ドーパミン――誤差を教えてくれる化学物質
では、その誤差のシグナルをどのように脳が扱っているのか。ここで登場するのが「ドーパミン」という神経伝達物質です。昔は「快楽ホルモン」と呼ばれ、気分の高揚や報酬感に関係するものとして知られてきました。しかし近年の研究では、「予想と結果のズレ」を符号化する役割、いわゆる「報酬予測誤差」のシグナルとしてドーパミンが動いていることがわかっています。

ドーパミン神経系
より広い視点でみると、ドーパミンは私たちが何か新しい出来事に直面した際、「その出来事をどれだけ重視すべきか?」を調整する働きも持つと考えられます。些細な誤差は無視してもいいかもしれませんが、重大な誤差なら真っ先に学習しなければいけません。こうしてドーパミンは、脳が“信念を更新するべきか否か”を判断する指針を与えているのです。
誤信念が生まれるとき――ドーパミンの役割
通常ならば、誤差が適切にキャッチされて信念は更新されるはずです。ところが何らかの理由でこの機能が乱れると、事態は一変します。たとえば、ドーパミンの分泌が過剰になり、些細な誤差にまで「これは大問題だ!」と過剰な意味づけ(セイリエンス付与)をしてしまうと、本来は無関係な出来事を「自分へのメッセージ」と勘違いしてしまいます。逆にドーパミンがうまく機能せず、必要な誤差を見逃すと、間違った思い込みを改めるチャンスを失ってしまいます。
こうした状態は極端に進むと、“被害妄想”や“陰謀論”といった病的な信念につながります。統合失調症という病気では、ドーパミンの神経活動が一部で過剰になり、まさにありふれた情報が過剰に意味づけされる「異常なセイリエンス仮説」が有力視されています。私たちが「もしかして…」と感じる程度の違和感を、脳内では大問題として捉え、誤った学習を重ねてしまうわけです。
遺伝子多型(遺伝子の個人差)と“信じ込みやすさ”
人によって「思い込みやすい」「疑い深い」「すぐ意見を変える」「なかなか変えられない」など、性格や行動パターンが異なるのはなぜでしょう? その一端には、ドーパミン機能を左右する遺伝子の差があると考えられています。
ここでいう「遺伝子多型」とは、“同じ種類の遺伝子でも少しだけ配列が違う形”のことです。たとえば同じドーパミン受容体をつくる遺伝子でも、人によって配列がほんのわずかに違い、結果としてドーパミンをどれだけ受け取るかが変わってきます。こうした微妙な個人差が、行動や認知スタイルに影響すると考えられるのです。

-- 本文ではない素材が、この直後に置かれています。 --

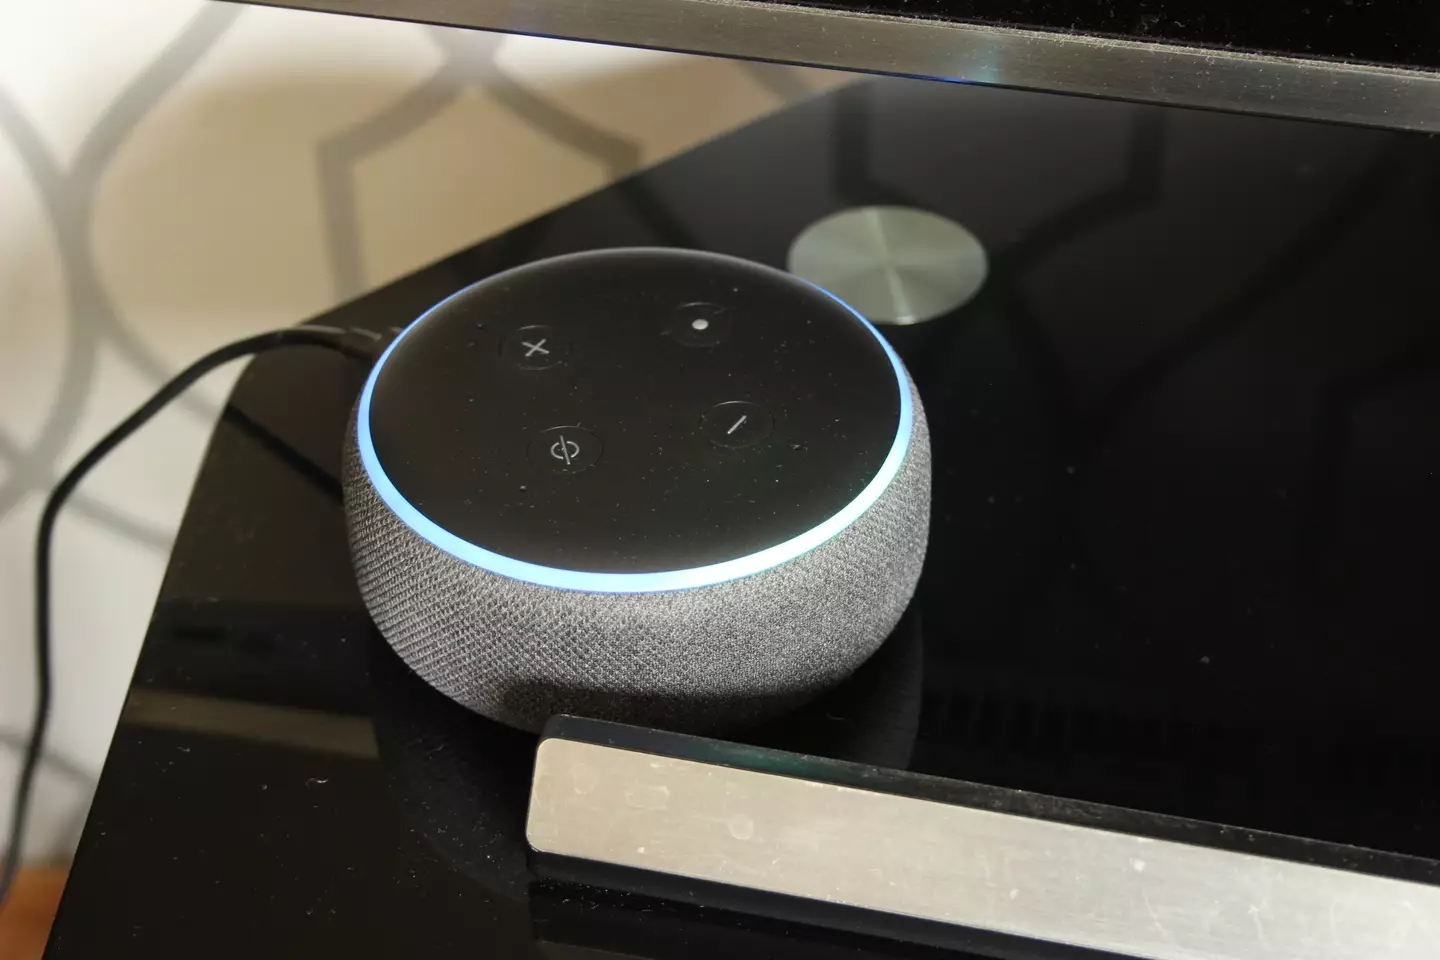 Alexa is Amazon's cloud-based voice service.

SNP(スニップ:1塩基多型)とは|初めての遺伝子検査
たとえば、ドーパミンD2受容体(DRD2)やカテコール-O-メチルトランスフェラーゼ(COMT)の遺伝子多型によって、ドーパミンの放出や再取り込みが微妙に異なり、その個人差が“学習や信念の形成スタイル”に影響を与える可能性が指摘されています。もちろん、遺伝だけで人間の“信じる心”は決まらないことは言うまでもありません。育ってきた環境や日々の経験、人間関係など、多くの要因が交差して複雑なパズルを形作ります。それでも、脳のしくみと遺伝子を知ることは、「自分の思い込み」の正体を見つめ直す手がかりになってくれるでしょう。
「人間とは何か?」――脳と信念からの一視点
私たちが抱く信念は、単に“頭の中”だけにあるものではありません。心の奥深くから湧き上がる確信や不安、あるいは社会的なルールや文化的な文脈が入り混じって、人間という存在を形作っています。そして、その基盤には目に見えない神経伝達物質のダイナミックなやり取りがある。まるで脳というシステムは、人間を“予測と修正”の絶え間ないループの中に生かしているかのようです。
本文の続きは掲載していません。